The murder of George Floyd by police in May 2020 sparked international protests and brought unparalleled levels of attention to the Black Lives Matter movement. As we show, his death set record levels of activity and amplification on Twitter, prompted the saddest day in the platform's history, and caused his name to appear among the ten most frequently used phrases in a day, where he is the only individual to have ever received that level of attention who was not known to the public earlier that same week.

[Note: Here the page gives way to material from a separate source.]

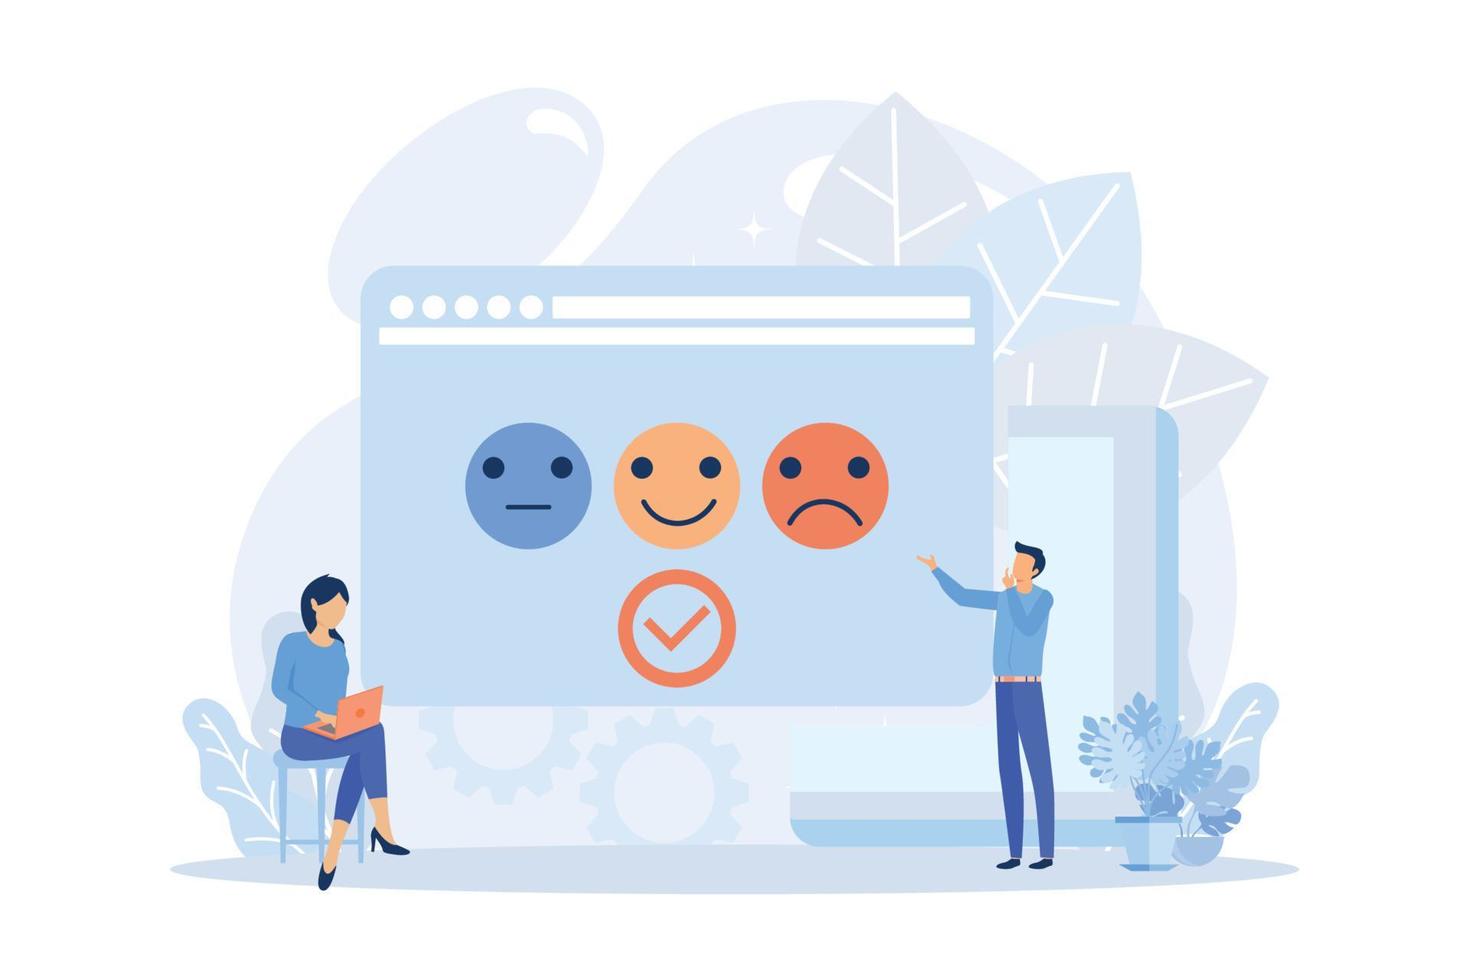 Feedback and review illustration. Characters giving positive feedback to helpdesk service. Rating scale and customer satisfaction concept. Flat vector illustration

Importantly, we find that the Black Lives Matter movement's rhetorical strategy to connect and repeat the names of past Black victims of police violence-foregrounding racial injustice as an ongoing pattern rather than a singular event-was exceptionally effective following George Floyd's death: attention given to him extended to over 185 prior Black victims, more than other past moments in the movement's history. We contextualize this rising tide of attention among 12 years of racial justice activism on Twitter, demonstrating how activists and allies have used attention and amplification as a recurring tactic to lift and memorialize the names of Black victims of police violence. Our results show how the Black Lives Matter movement uses social media to center past instances of police violence at an unprecedented scale and speed, while still advancing the racial justice movement's longstanding goal to "say their names."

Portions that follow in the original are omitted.